# [Work order]
Among the entries below, one stretch runs from the line that contains "CM用30秒、次世代、スタイリッシュ製品の再生済みの波形" through the line that contains "Ranch 5, Glendale". Repeat that stretch exactly, ends included, and only that.

# [Supplied data]
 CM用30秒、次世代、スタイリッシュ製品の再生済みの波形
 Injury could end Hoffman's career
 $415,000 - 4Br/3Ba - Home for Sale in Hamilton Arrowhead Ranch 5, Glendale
--
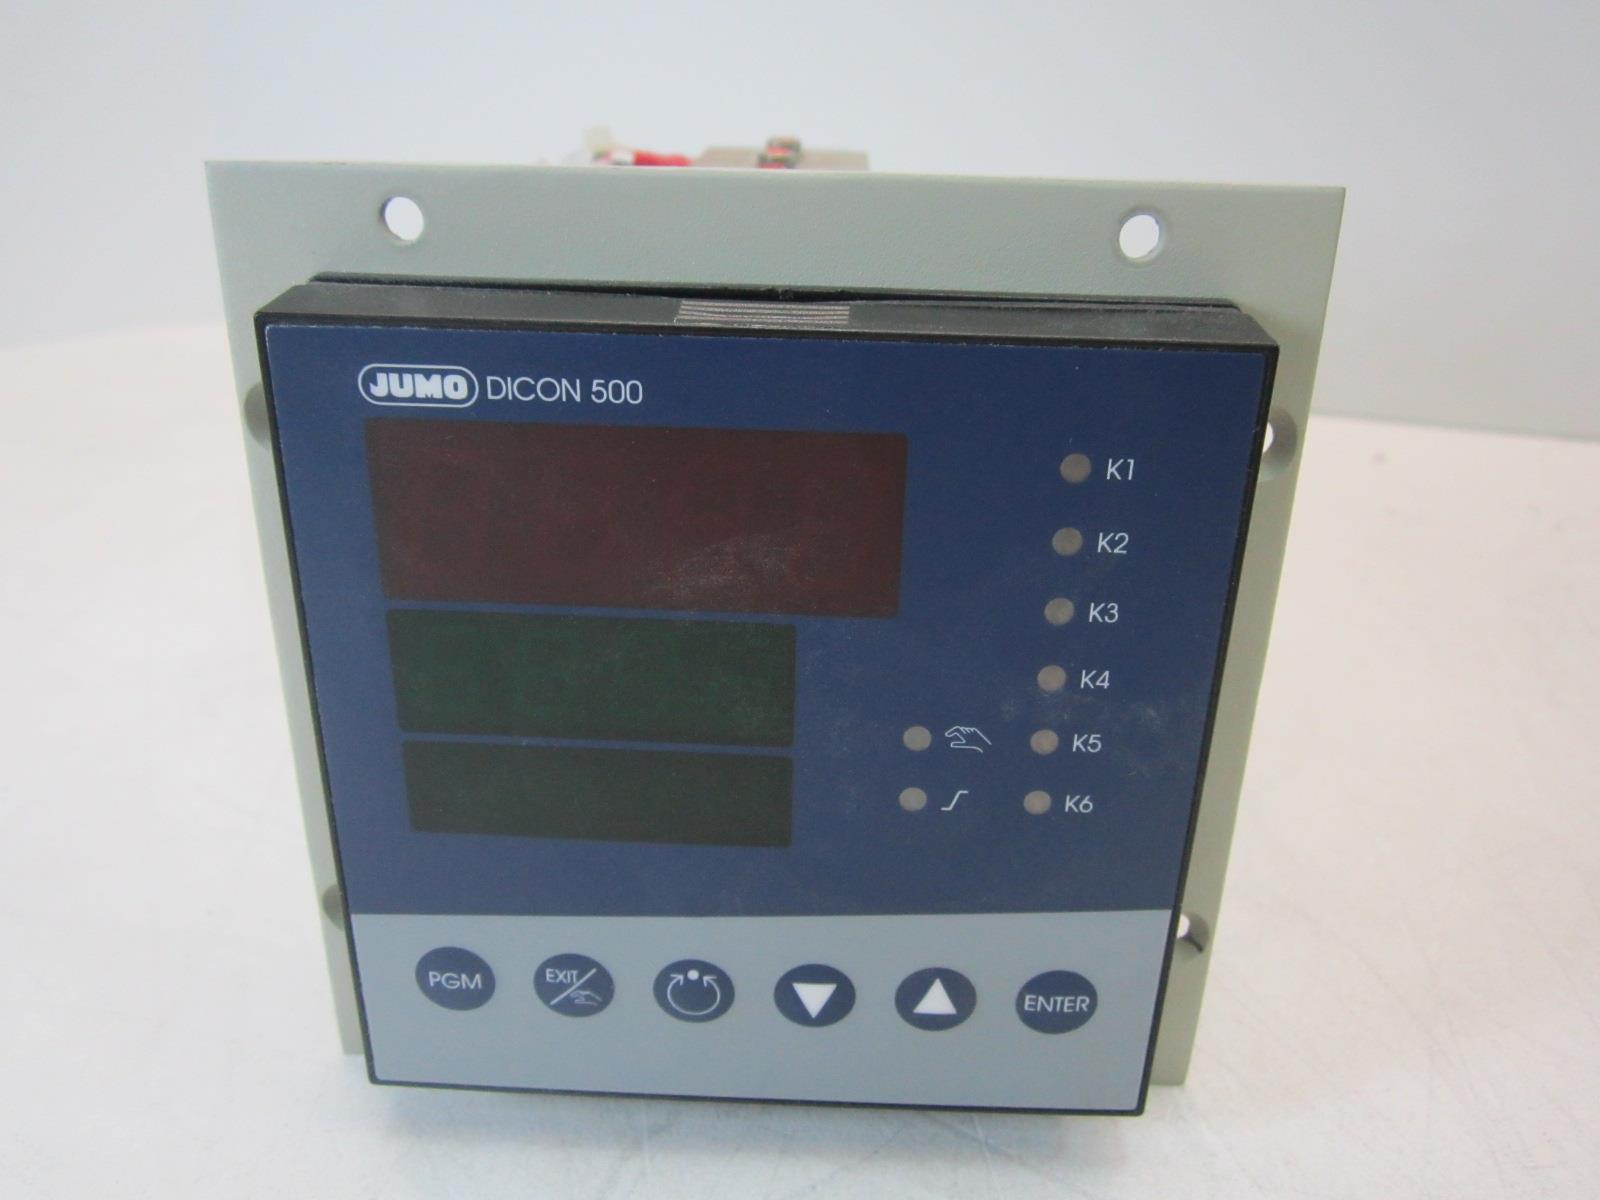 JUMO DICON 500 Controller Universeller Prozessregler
* * *
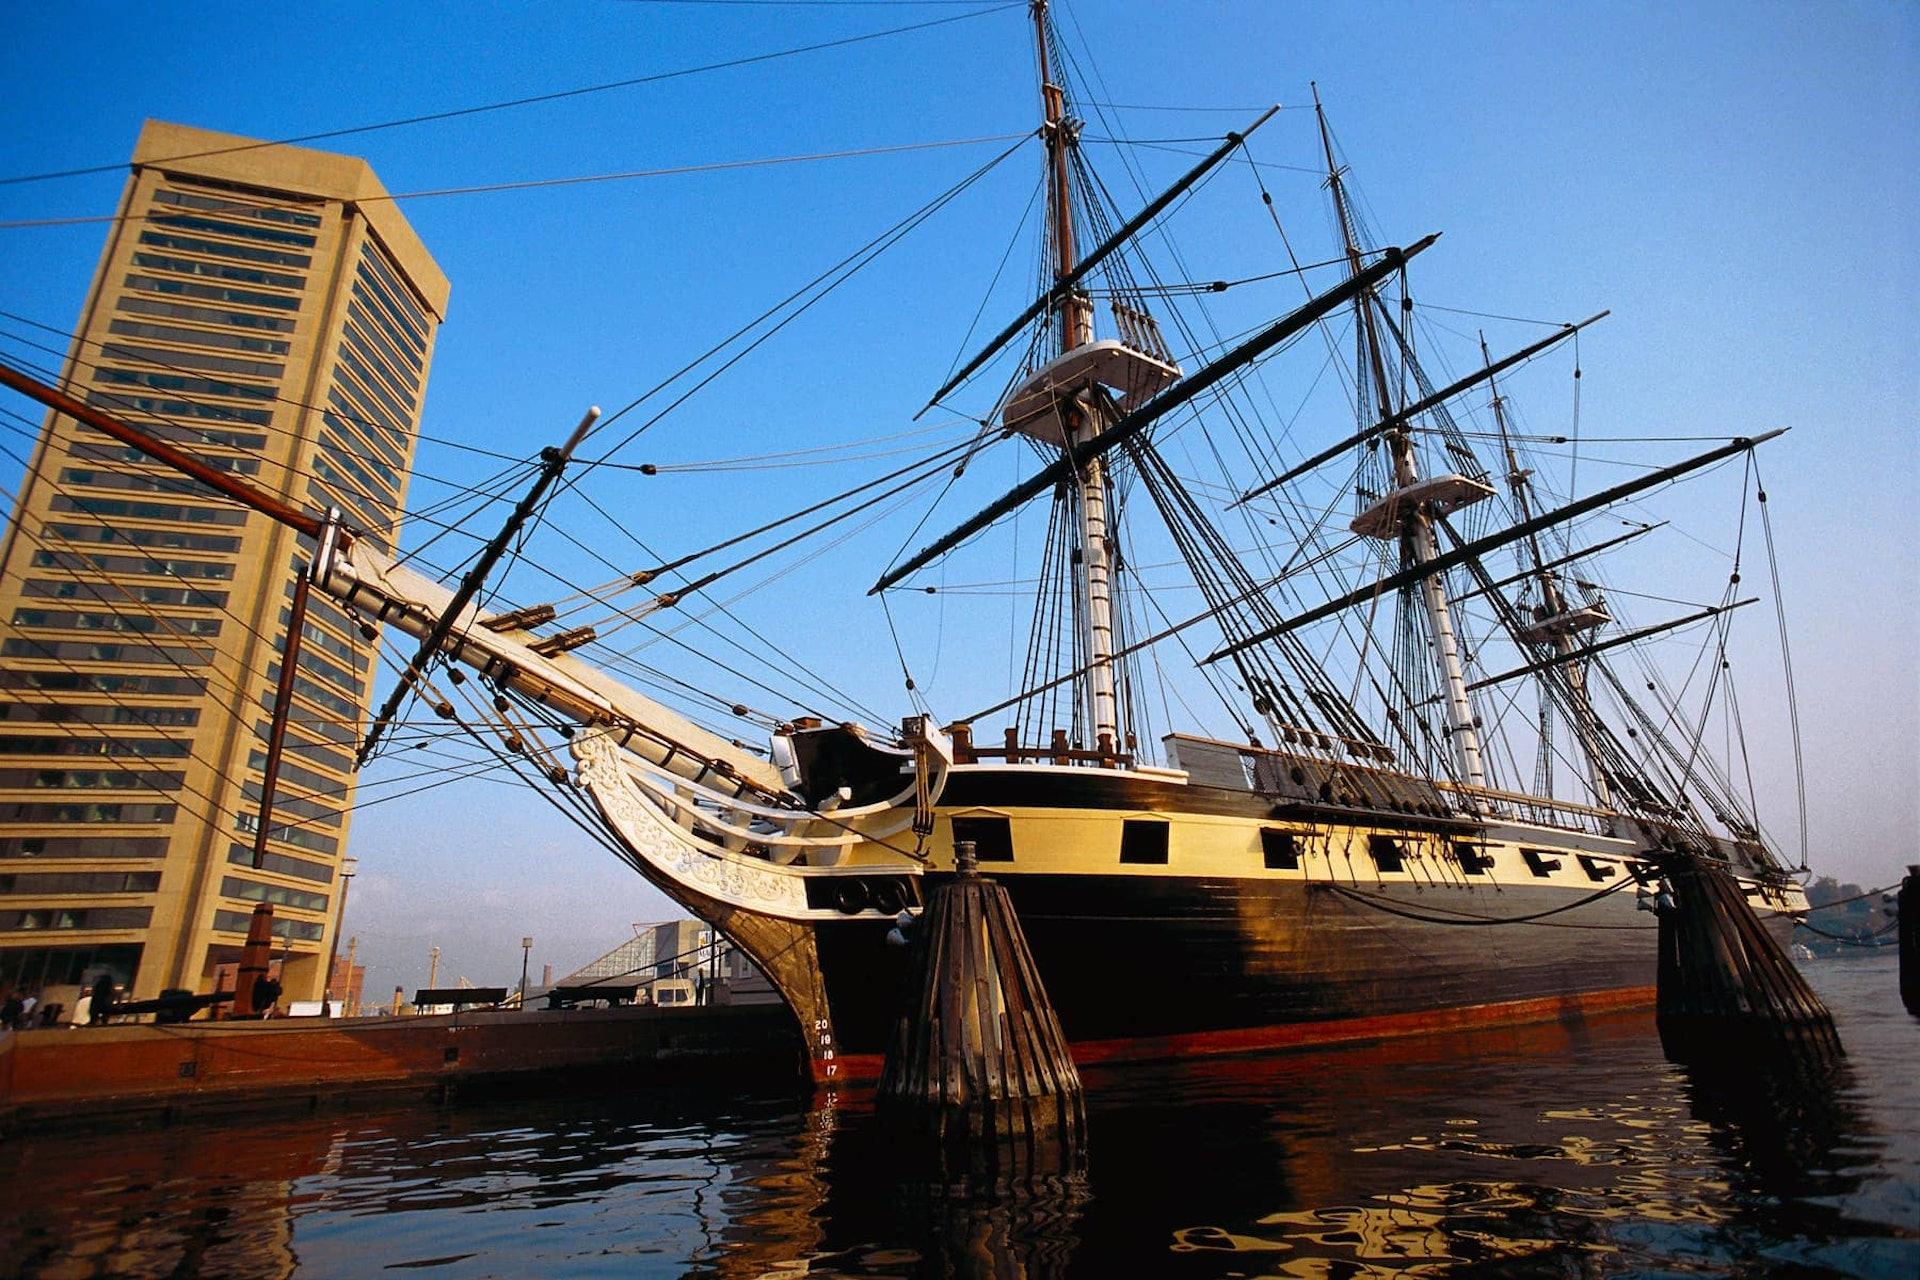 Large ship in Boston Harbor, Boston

# [Output of the exercise]
 CM用30秒、次世代、スタイリッシュ製品の再生済みの波形
 Injury could end Hoffman's career
 $415,000 - 4Br/3Ba - Home for Sale in Hamilton Arrowhead Ranch 5, Glendale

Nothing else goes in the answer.